• _Your task_:
Repeat, line for line, the entries below from the first line to the line containing "Leinfelder Uhren München: Manufaktur", counting both ends.

---------------

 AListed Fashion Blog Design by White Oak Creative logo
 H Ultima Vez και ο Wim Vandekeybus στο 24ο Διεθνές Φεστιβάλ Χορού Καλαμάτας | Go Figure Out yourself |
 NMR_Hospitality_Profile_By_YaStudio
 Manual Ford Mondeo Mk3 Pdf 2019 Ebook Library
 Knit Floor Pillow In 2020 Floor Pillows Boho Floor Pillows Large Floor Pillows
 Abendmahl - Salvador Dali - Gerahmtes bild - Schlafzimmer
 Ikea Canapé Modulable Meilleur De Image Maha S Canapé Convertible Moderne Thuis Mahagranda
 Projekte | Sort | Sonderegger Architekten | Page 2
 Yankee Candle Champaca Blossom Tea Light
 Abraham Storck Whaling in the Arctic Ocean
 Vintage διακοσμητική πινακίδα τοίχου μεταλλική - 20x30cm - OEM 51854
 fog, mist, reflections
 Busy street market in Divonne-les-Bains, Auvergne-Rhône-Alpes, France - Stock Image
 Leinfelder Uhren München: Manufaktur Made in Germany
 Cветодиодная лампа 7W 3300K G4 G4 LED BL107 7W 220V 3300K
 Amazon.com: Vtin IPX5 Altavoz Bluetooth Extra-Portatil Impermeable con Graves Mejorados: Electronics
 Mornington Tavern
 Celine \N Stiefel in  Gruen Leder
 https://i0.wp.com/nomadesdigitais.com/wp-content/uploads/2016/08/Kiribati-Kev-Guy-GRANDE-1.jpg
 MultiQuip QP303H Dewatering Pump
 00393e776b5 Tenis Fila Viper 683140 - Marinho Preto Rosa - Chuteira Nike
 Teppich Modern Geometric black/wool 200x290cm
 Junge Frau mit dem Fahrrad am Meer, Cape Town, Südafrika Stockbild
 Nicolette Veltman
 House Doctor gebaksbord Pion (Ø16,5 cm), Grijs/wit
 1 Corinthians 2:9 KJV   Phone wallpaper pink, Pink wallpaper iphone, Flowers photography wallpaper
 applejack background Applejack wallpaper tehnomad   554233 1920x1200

---------------

• _Solution to the exercise_:
 AListed Fashion Blog Design by White Oak Creative logo
 H Ultima Vez και ο Wim Vandekeybus στο 24ο Διεθνές Φεστιβάλ Χορού Καλαμάτας | Go Figure Out yourself |
 NMR_Hospitality_Profile_By_YaStudio
 Manual Ford Mondeo Mk3 Pdf 2019 Ebook Library
 Knit Floor Pillow In 2020 Floor Pillows Boho Floor Pillows Large Floor Pillows
 Abendmahl - Salvador Dali - Gerahmtes bild - Schlafzimmer
 Ikea Canapé Modulable Meilleur De Image Maha S Canapé Convertible Moderne Thuis Mahagranda
 Projekte | Sort | Sonderegger Architekten | Page 2
 Yankee Candle Champaca Blossom Tea Light
 Abraham Storck Whaling in the Arctic Ocean
 Vintage διακοσμητική πινακίδα τοίχου μεταλλική - 20x30cm - OEM 51854
 fog, mist, reflections
 Busy street market in Divonne-les-Bains, Auvergne-Rhône-Alpes, France - Stock Image
 Leinfelder Uhren München: Manufaktur Made in Germany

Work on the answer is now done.